(Task inputs Opens)

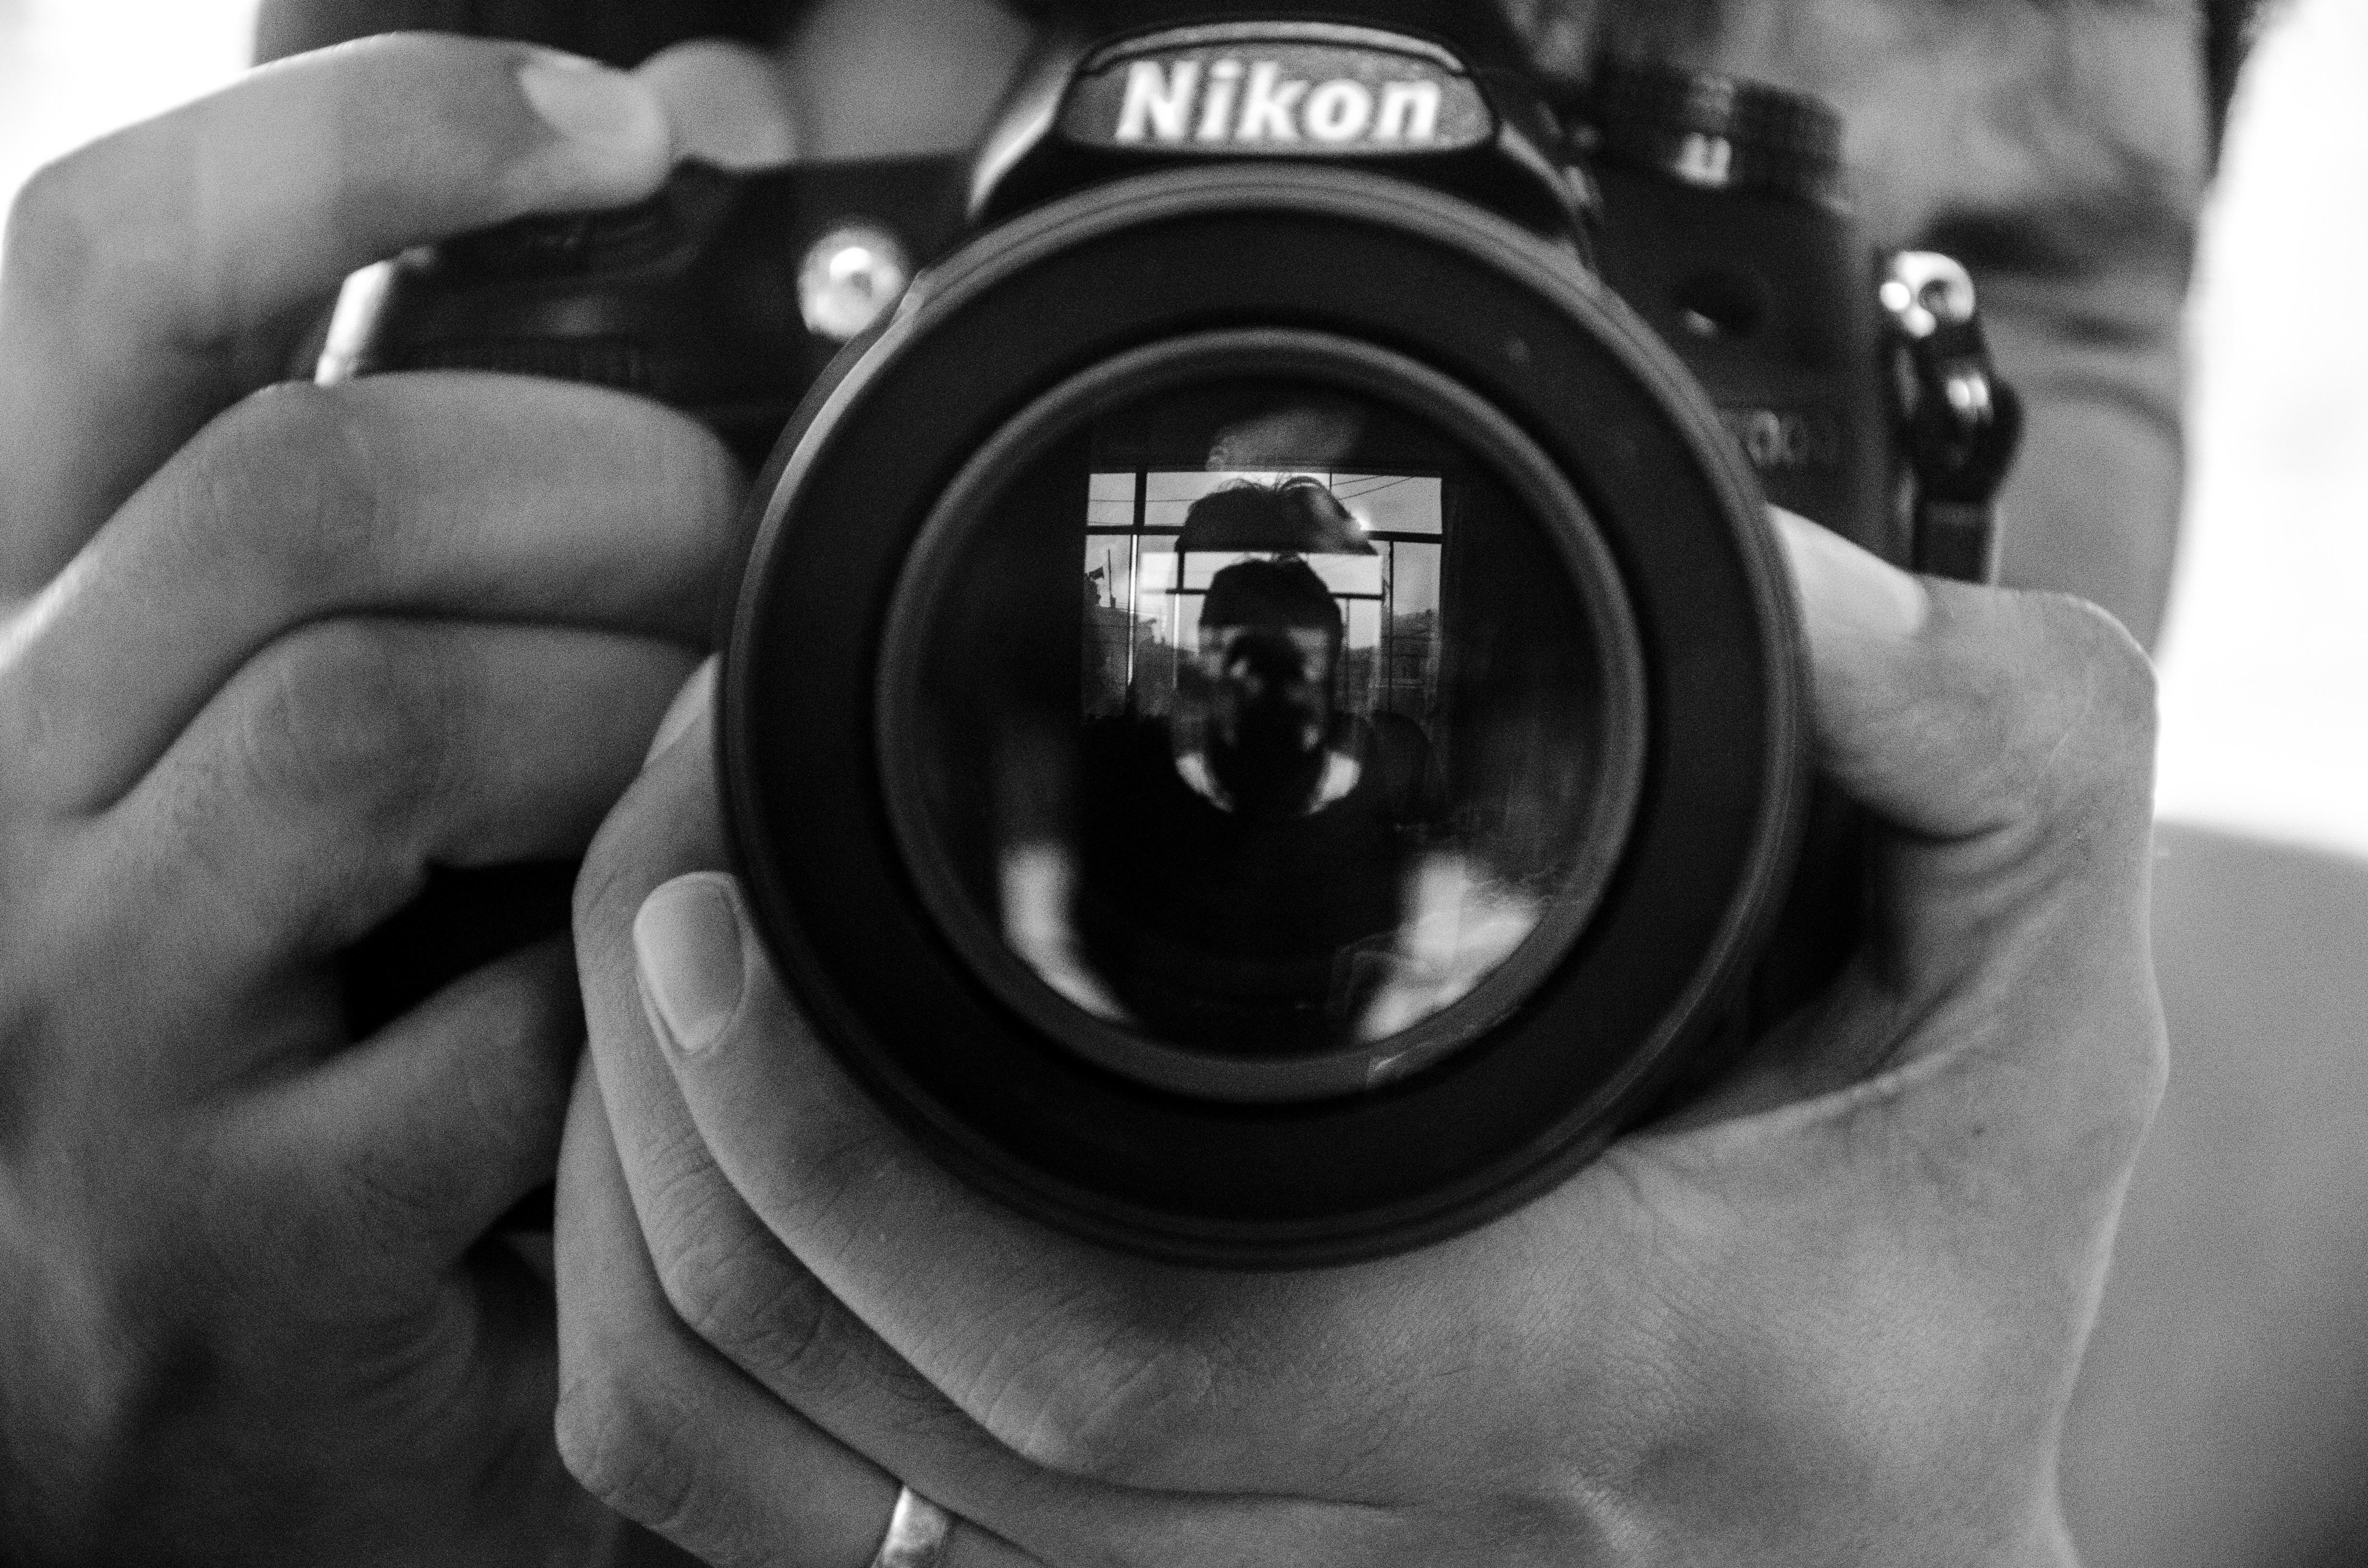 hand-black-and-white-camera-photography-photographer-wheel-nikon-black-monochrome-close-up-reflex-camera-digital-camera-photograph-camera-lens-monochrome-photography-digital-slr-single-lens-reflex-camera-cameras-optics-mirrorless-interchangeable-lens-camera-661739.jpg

(Task inputs Closes)
(Task inputs Opens)

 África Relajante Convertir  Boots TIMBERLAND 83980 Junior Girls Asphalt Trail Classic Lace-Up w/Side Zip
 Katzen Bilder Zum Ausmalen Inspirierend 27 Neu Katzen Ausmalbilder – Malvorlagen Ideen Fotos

(Task inputs Closes)

A verbatim transcription is needed of the lines above, starting at the line with "África Relajante Convertir" and ending at the line with "Katzen Bilder Zum", both included, and of nothing else.

 África Relajante Convertir  Boots TIMBERLAND 83980 Junior Girls Asphalt Trail Classic Lace-Up w/Side Zip
 Katzen Bilder Zum Ausmalen Inspirierend 27 Neu Katzen Ausmalbilder – Malvorlagen Ideen Fotos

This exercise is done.